Getta dell'acido alla vicina: «Non sopportavo i suoi cani»

L'arrestato, un pregiudicato di 65 anni, ha detto di essere «orgoglioso» del suo gesto. La donna ha lesioni alla cornea

Paola Fucilieri

Da ieri mattina si trova a san Vittore e rischia fino a tre anni di reclusione per l'accusa di lesioni personali gravissime aggravate dai futili motivi e dalla crudeltà e per maltrattamenti di animali. Non poteva finire diversamente per Vittorio Colella, 65 anni, originario di Lapio (Avellino), precedenti per sequestro di persona, rapina e spaccio tutti risalenti agli anni Ottanta, da tempo disoccupato, divorziato, in cura in un Centro psico sociale e con una pensione d'invalidità, come ha voluto precisare lui stesso in sede processuale, di 290 euro mensili. Ieri mattina il giudice della sezione «direttissime» Roberto Crepaldi, decidendo per la custodia cautelare in carcere dell'uomo, ha stabilito infatti che «(...) l'indagato ha dimostrato con la sua azione un'indole particolarmente incline a utilizzare la violenza quale mezzo di risoluzione di problematiche apparentemente futili, confermando l'assoluta inacapacità autocustodiale».
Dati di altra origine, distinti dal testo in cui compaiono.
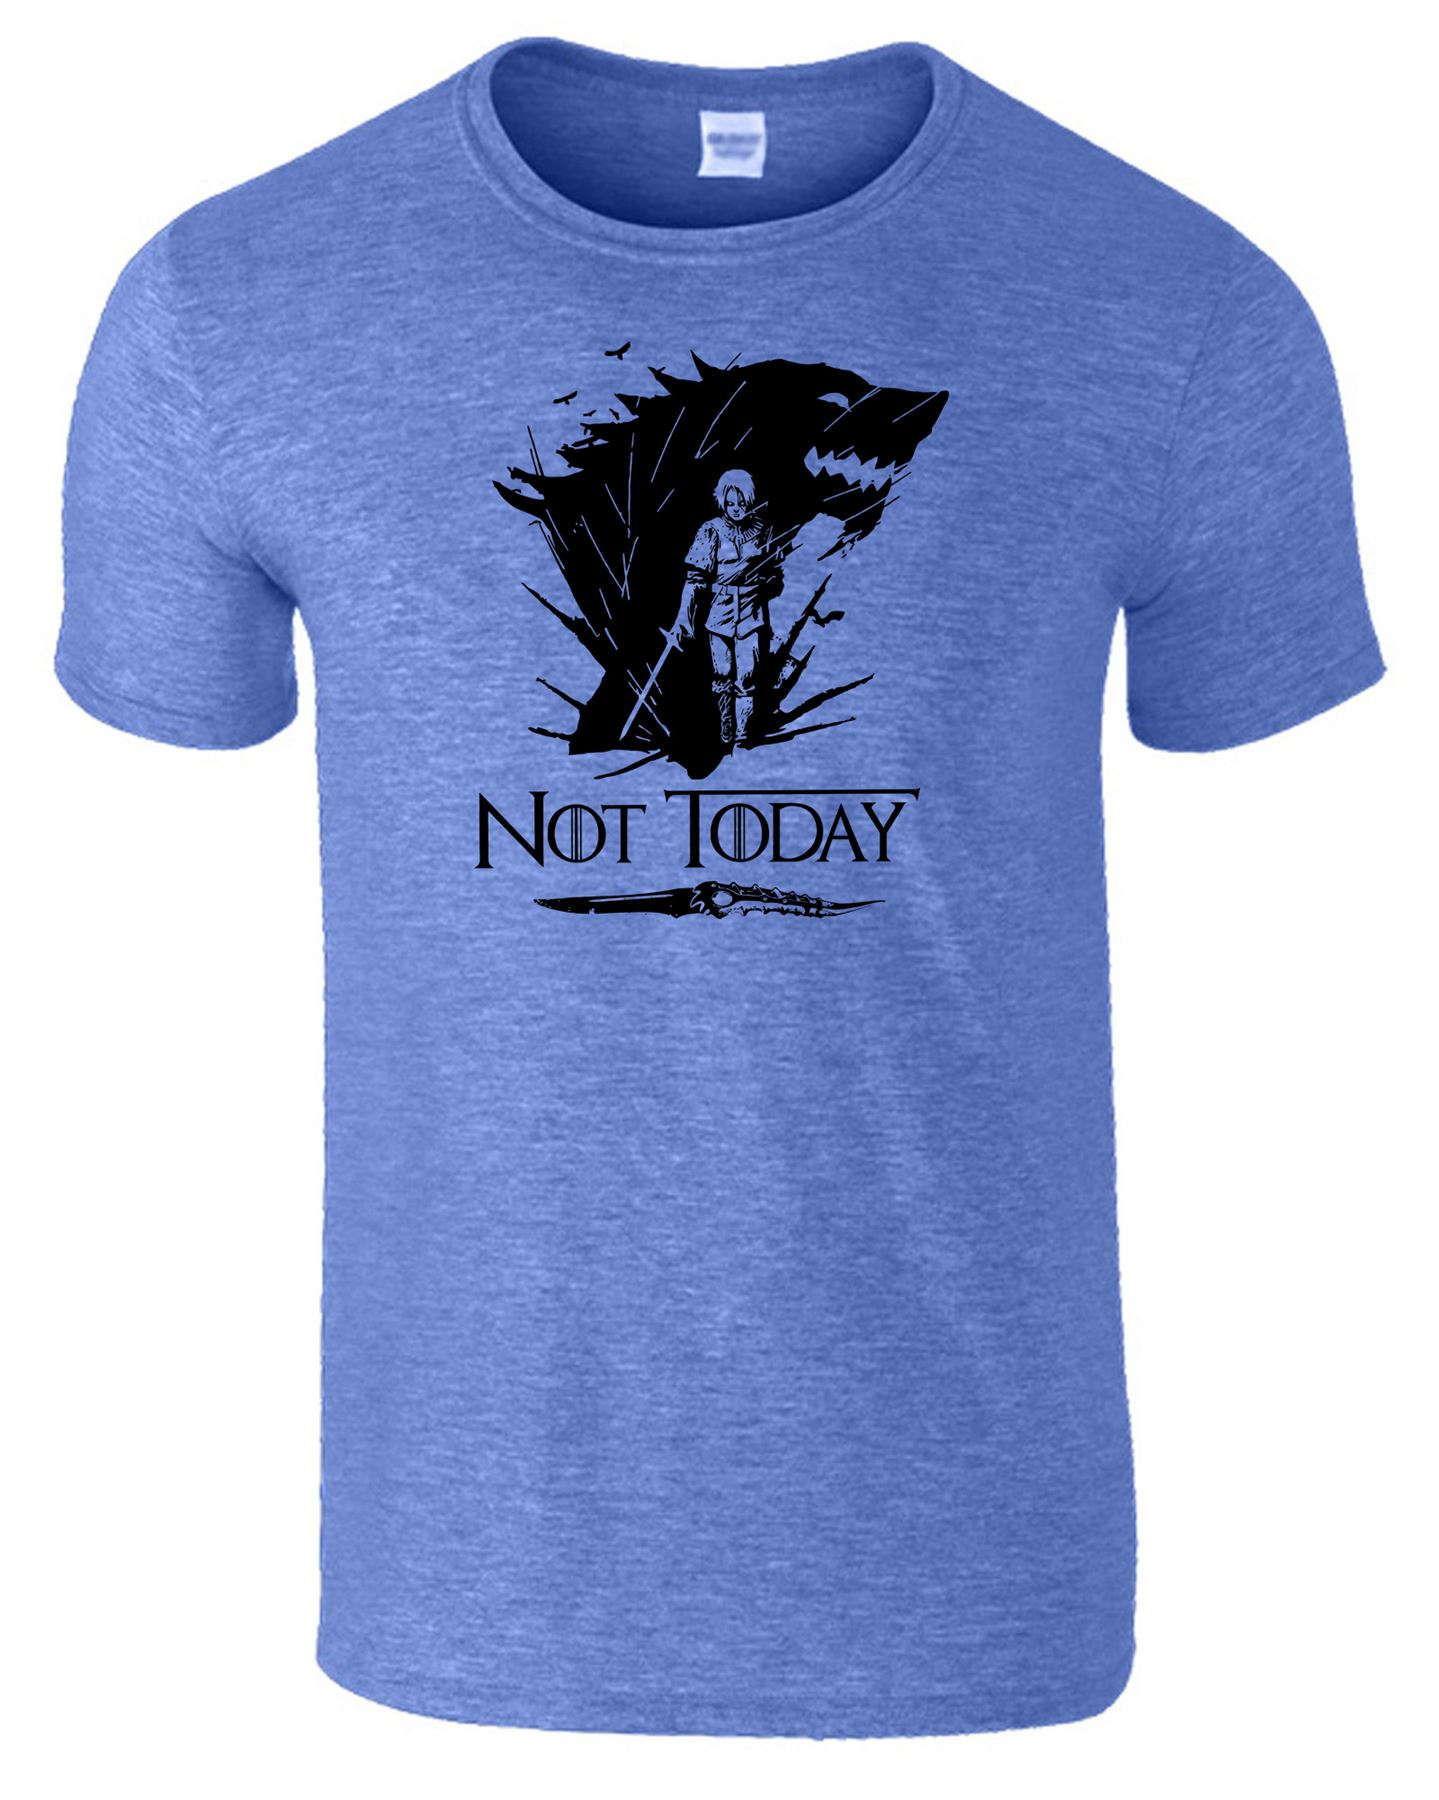 Arya-Stark-Not-Today-T-Shirt-Mens-Game-Season-Womens-Shirt-Adults-Unisex-Fit Indexbild 20

Del resto Colella ci ha messo del suo per finire (e restare) in cella. Nell'immediatezza del reato commesso venerdì intorno alle 17, ci ha tenuto infatti a precisare davanti ai carabinieri di Buccinasco che sono andati a prelevarlo a casa sua, in via Pablo Picasso 3, di essere «orgoglioso» di quel che aveva appena fatto. Ovvero ustionare la vicina 79enne, Grazia R., lanciandole in faccia dell'acido muriatico e colpendo, volutamente, anche i suoi due cani (di cui detestava il rumore) al culmine di una delle tante liti condominiali che opponevano i due e avevano spinto l'uomo a presentare anche degli esposti contro l'anziana. Dopo l'aggressione Colella è tornato a casa sua, nell'appartamento sotto quello di Grazia R., ha riposto la bottiglia di acido sotto il lavandino (dov'è stata ritrovata) e, incurante delle tracce di acido lasciate in giro, se n'è rimasto tranquillo in casa, fino all'arrivo dei militari, avvertiti dalla vicina. Quindi, dopo aver esposto le ragioni del suo gesto, ha seguito i carabinieri in caserma, dov'è stato trattenuto sino al giudizio per direttissima di ieri mattina.

«Nonostante glielo avessi fatto notare più volte quella donna continuava a sbattere tappeti e tappetini dal davanzale inondando di peli di cane il mio balcone, visto che vivo proprio sotto di lei. Ero stanco di questo suo atteggiamento e di tutta la confusione che facevano i suoi cani - ha spiegato l'arrestato ai militari -. Così sono salito a casa sua e quando mi ha aperto l'uscio le ho vuotato addosso l'acido», lasciando intendere che una possibile reiterazione del reato, nel caso fosse rimasto a piede libero, non sarebbe stata poi un'ipotesi tanto remota.

Alla donna, portata d'urgenza al San Paolo dov'era ancora ricoverata ieri mattina, è stata diagnosticata una «cheratite puntuta diffusa» alla cornea dell'occhio sinistro, con prognosi di almeno dieci giorni: per i medici è un vero e proprio miracolo che la poveretta non abbia perso la vista dall'occhio colpito. I suoi cani invece stanno bene e per ora sono stati affidati ai suoi familiari.

«Ora quella donna non vorrà più saperne di vivere qui: quando il suo aggressore tornerà si può aspettare delle ritorsioni» assicurano preoccupati i vicini.